Task objective = An exact reprint of the listing is required, with no pictures included.

(Beginning of Given data)

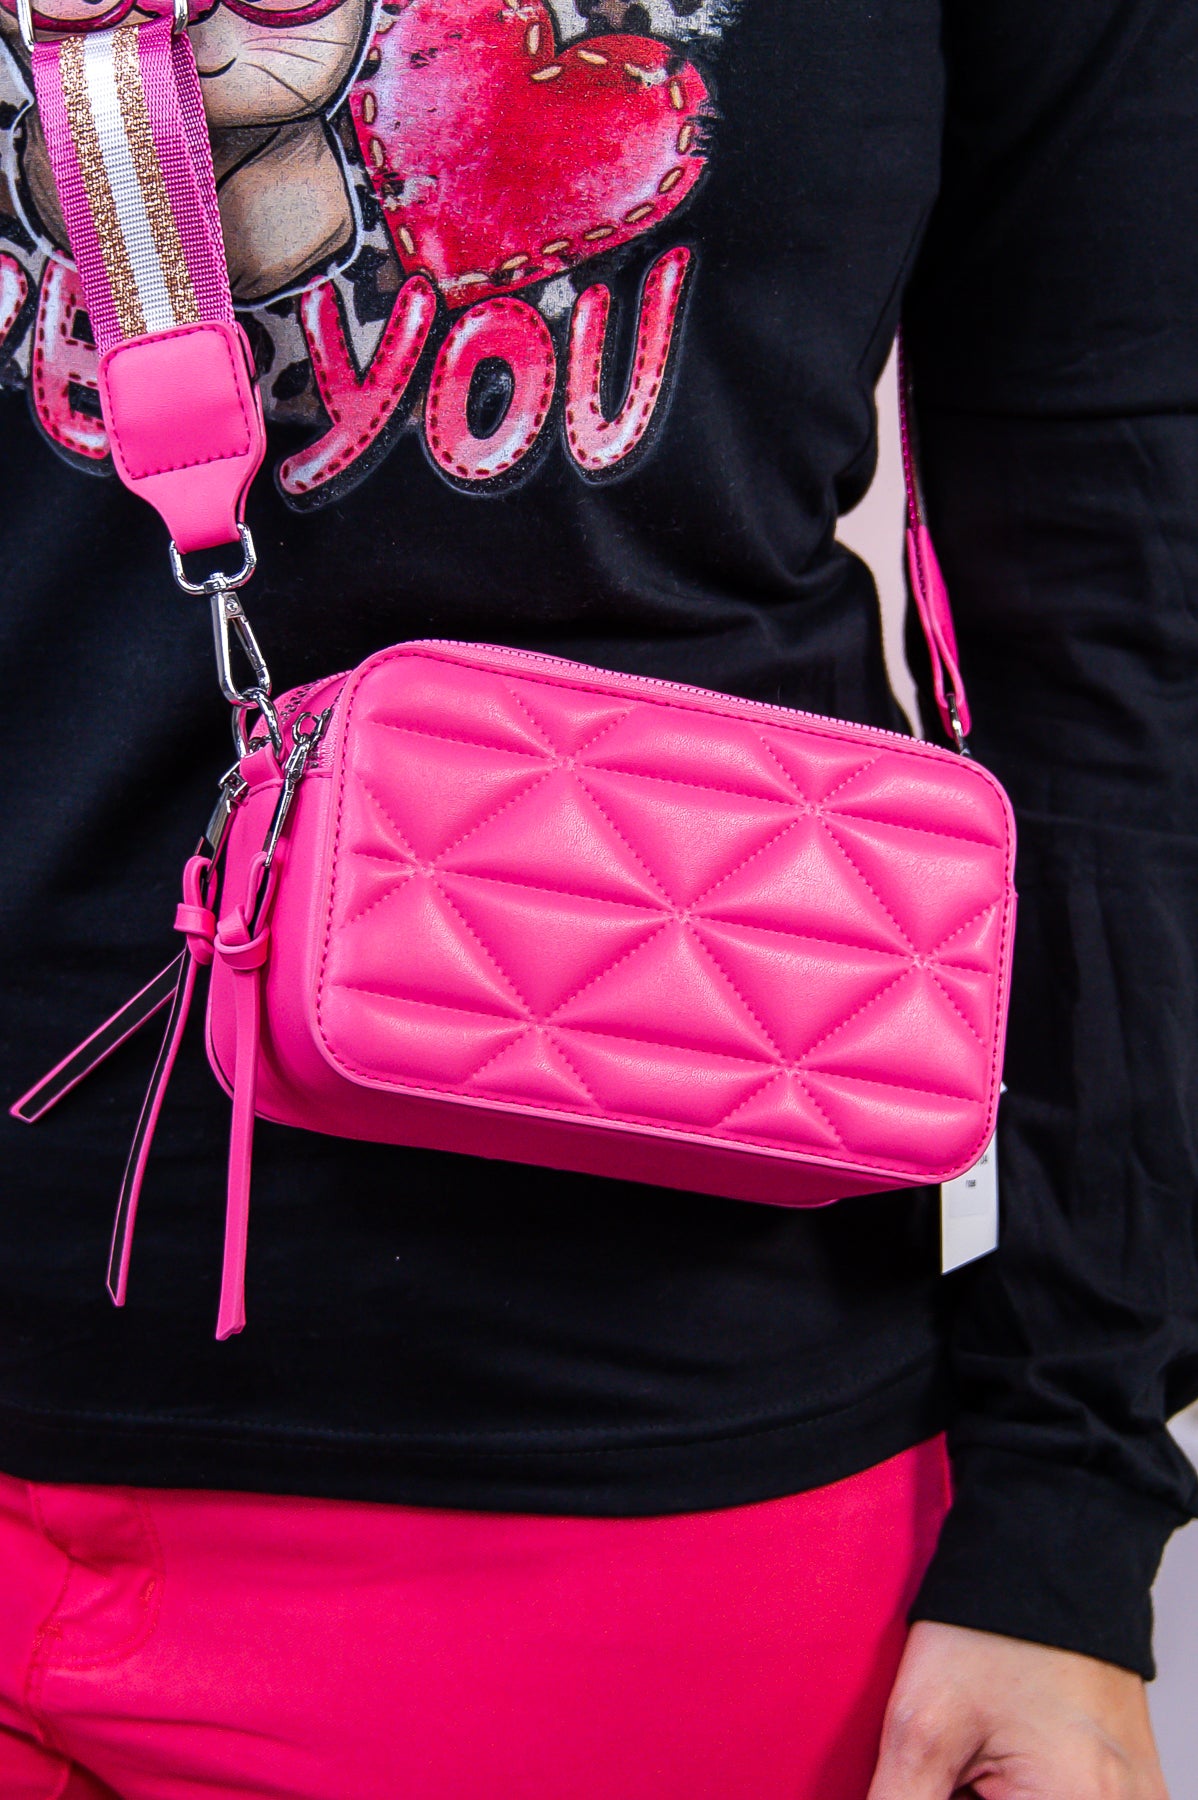 Give Me Hope Hot Pink Solid Chevron Quilted Bag - BAG1863HPK
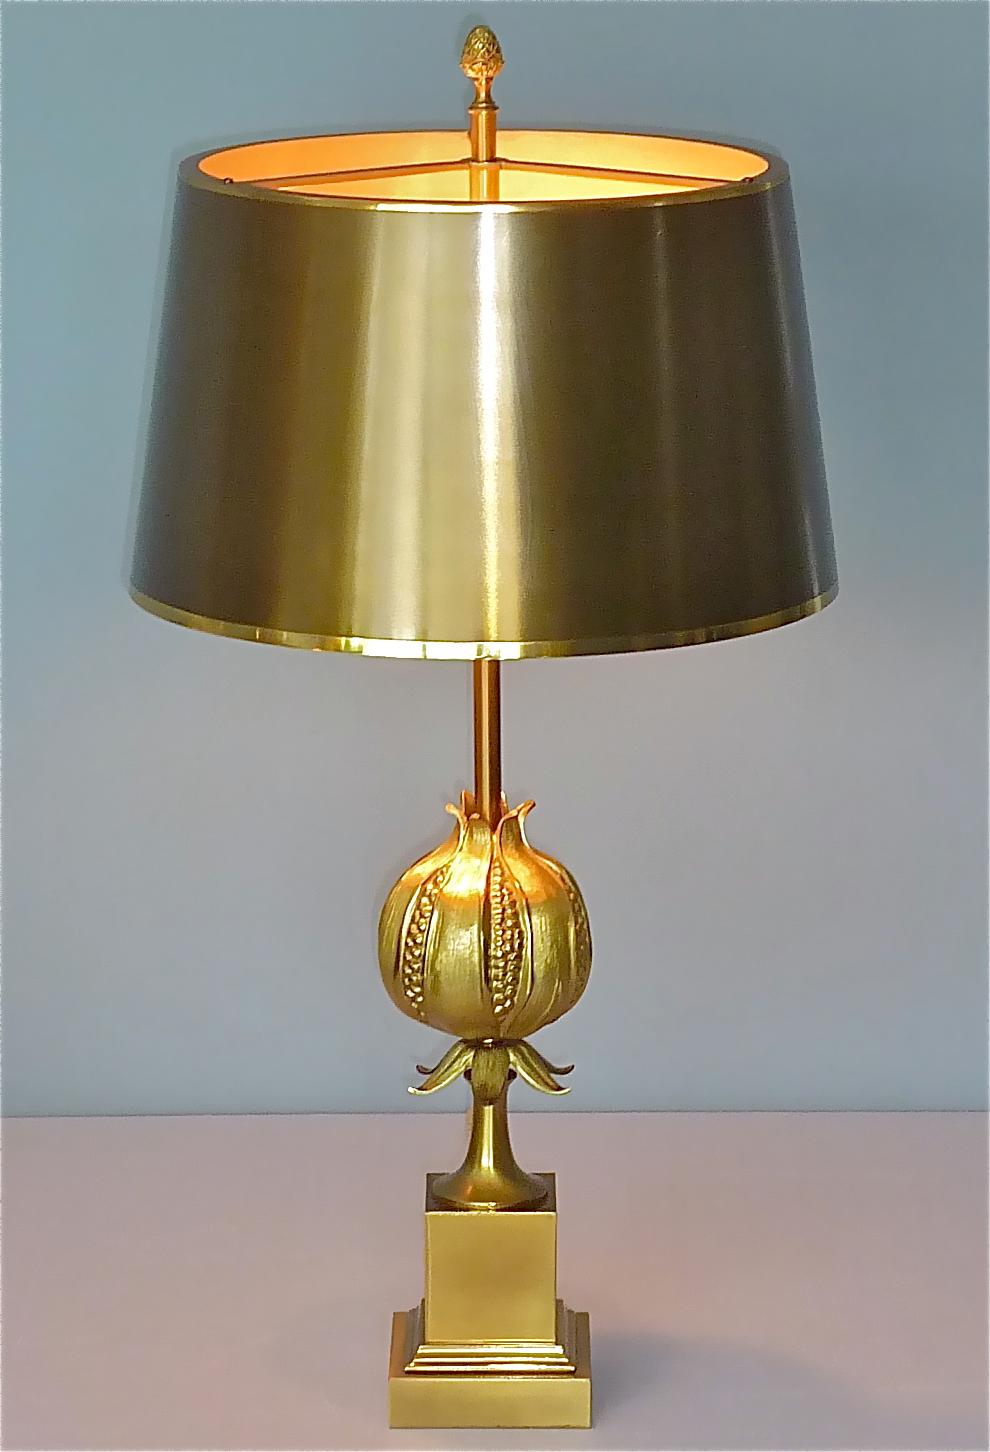 Rare Signed Gilt Bronze French Table Lamp Maison Charles Pomgranate 1970s Jansen For Sale 7
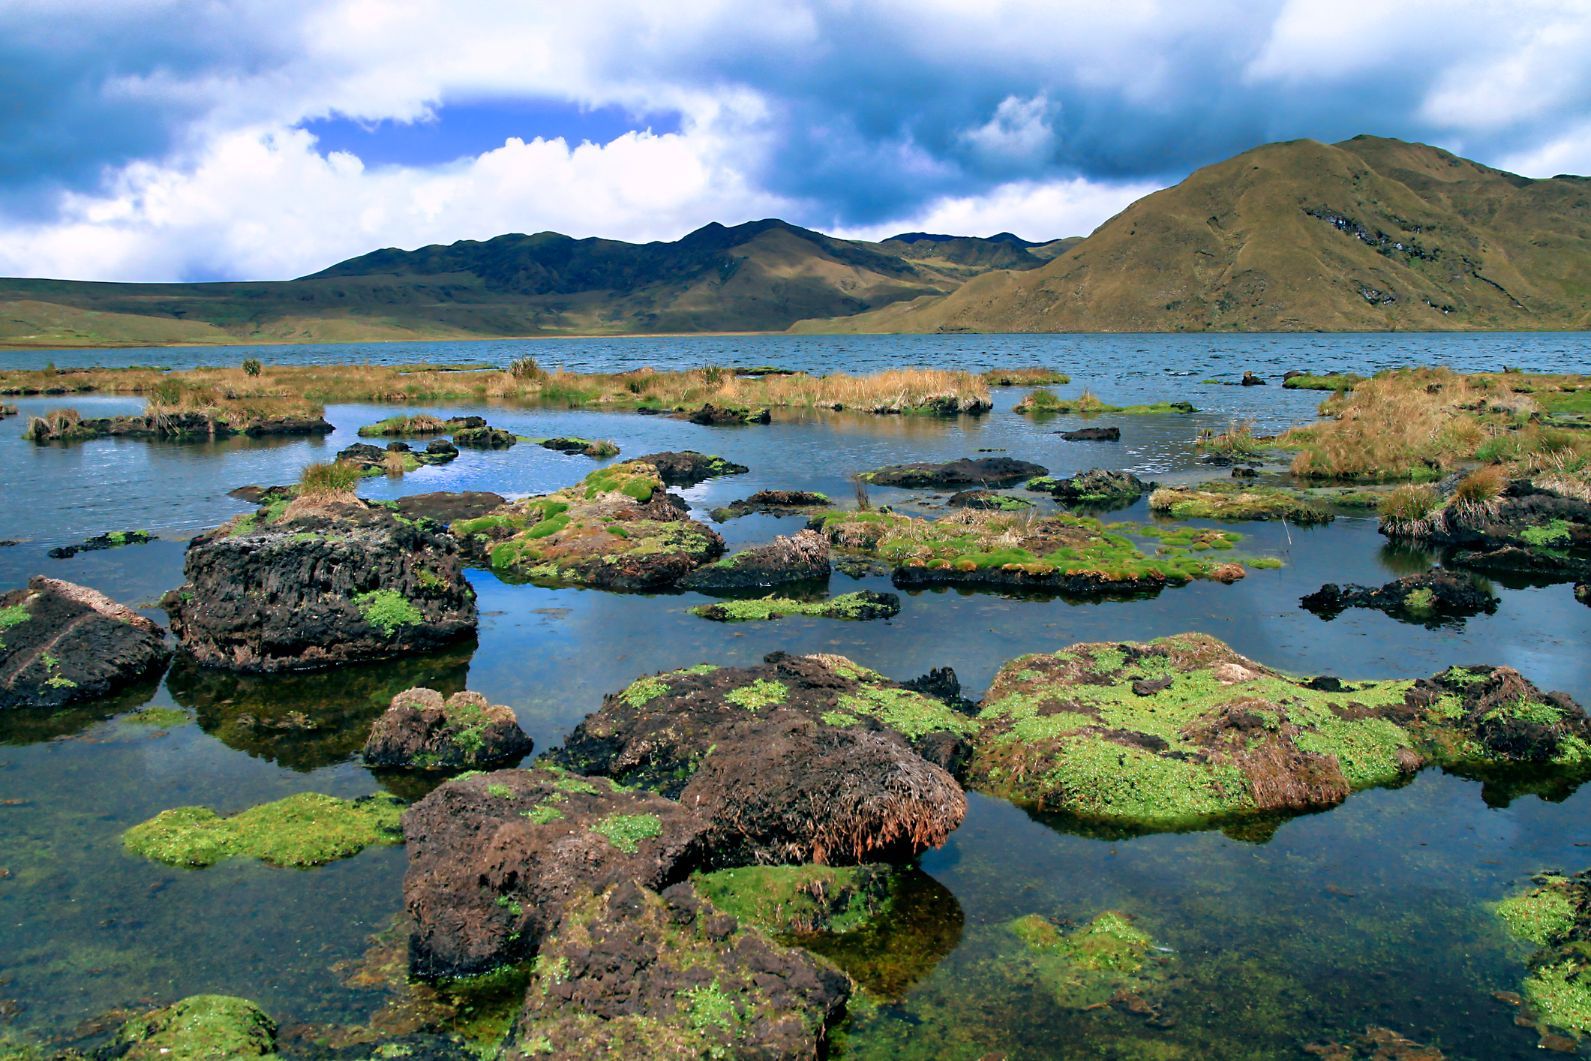 Lakes, boulders and mountains in Cajas National Park in Ecuador
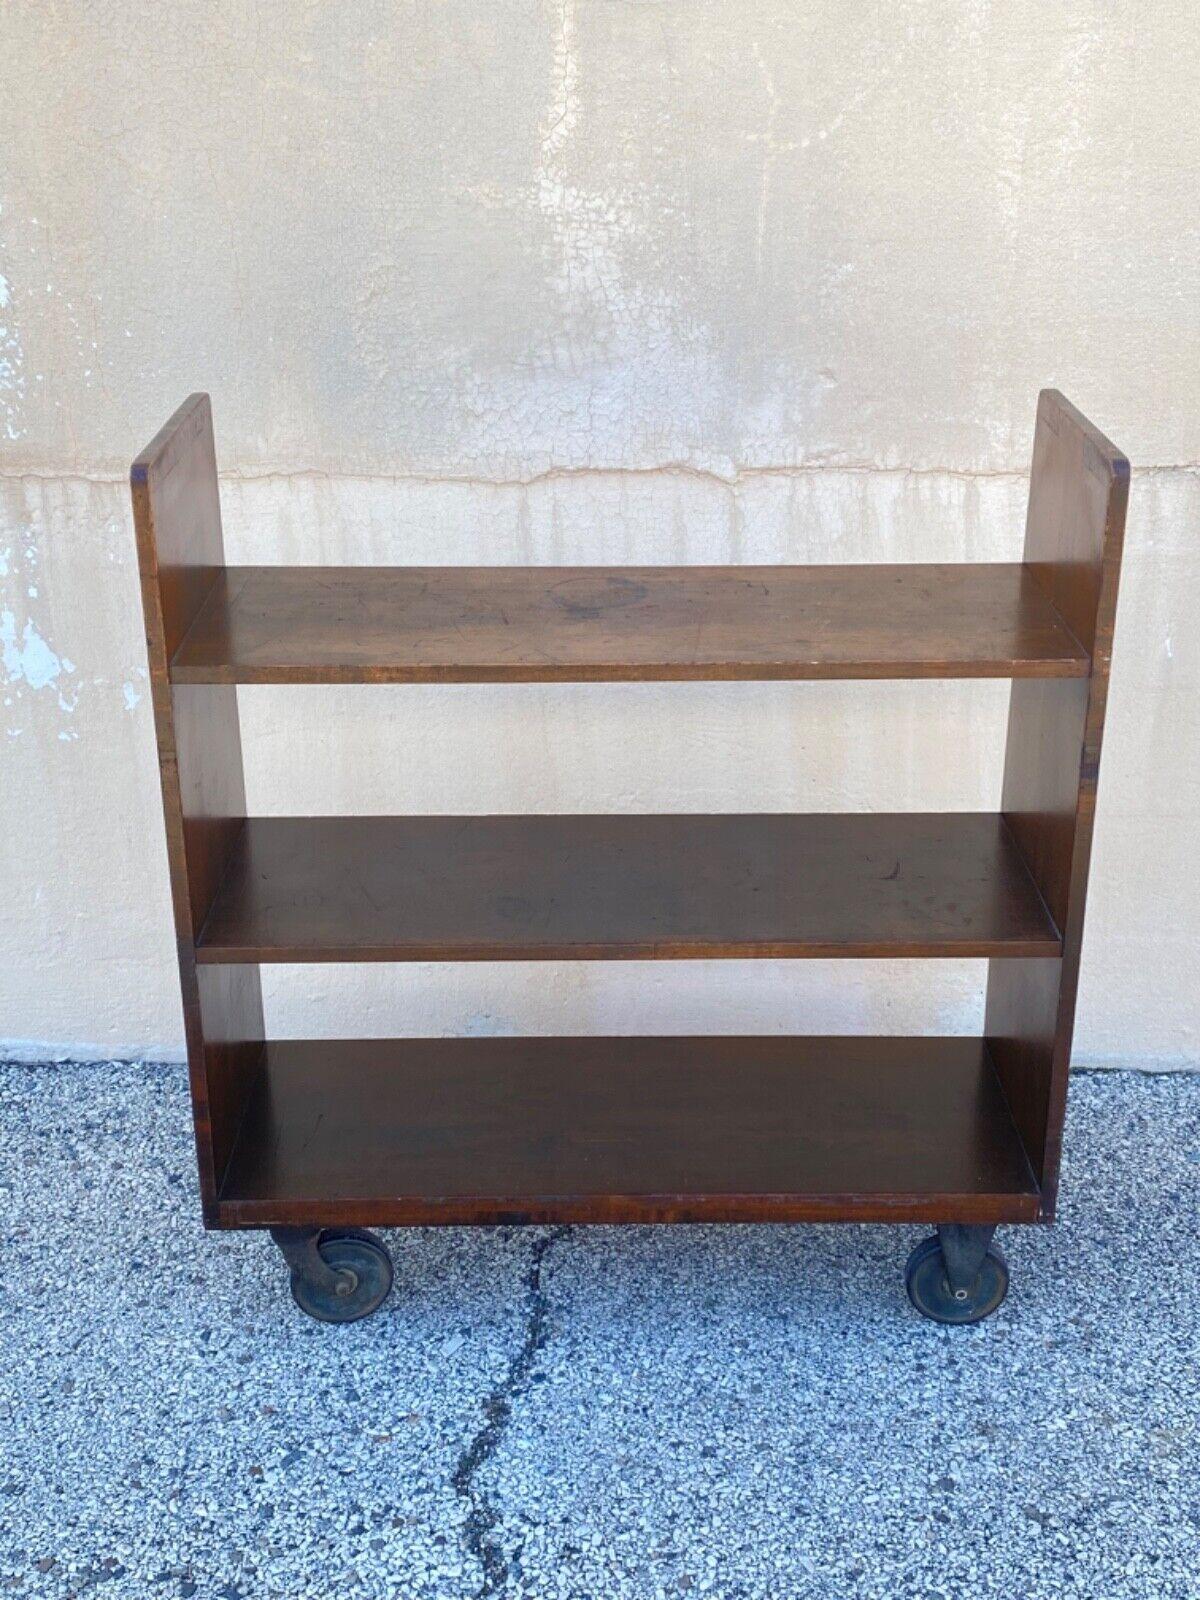 Vintage Arts & Crafts Wooden Rolling Library Book Cart Bookshelf with Cast Iron Wheels. Circa 1950s. Measurements: 43

(End of Given data)

Answer for the task =
 Give Me Hope Hot Pink Solid Chevron Quilted Bag - BAG1863HPK
 Rare Signed Gilt Bronze French Table Lamp Maison Charles Pomgranate 1970s Jansen For Sale 7
 Lakes, boulders and mountains in Cajas National Park in Ecuador
 Vintage Arts & Crafts Wooden Rolling Library Book Cart Bookshelf with Cast Iron Wheels. Circa 1950s. Measurements: 43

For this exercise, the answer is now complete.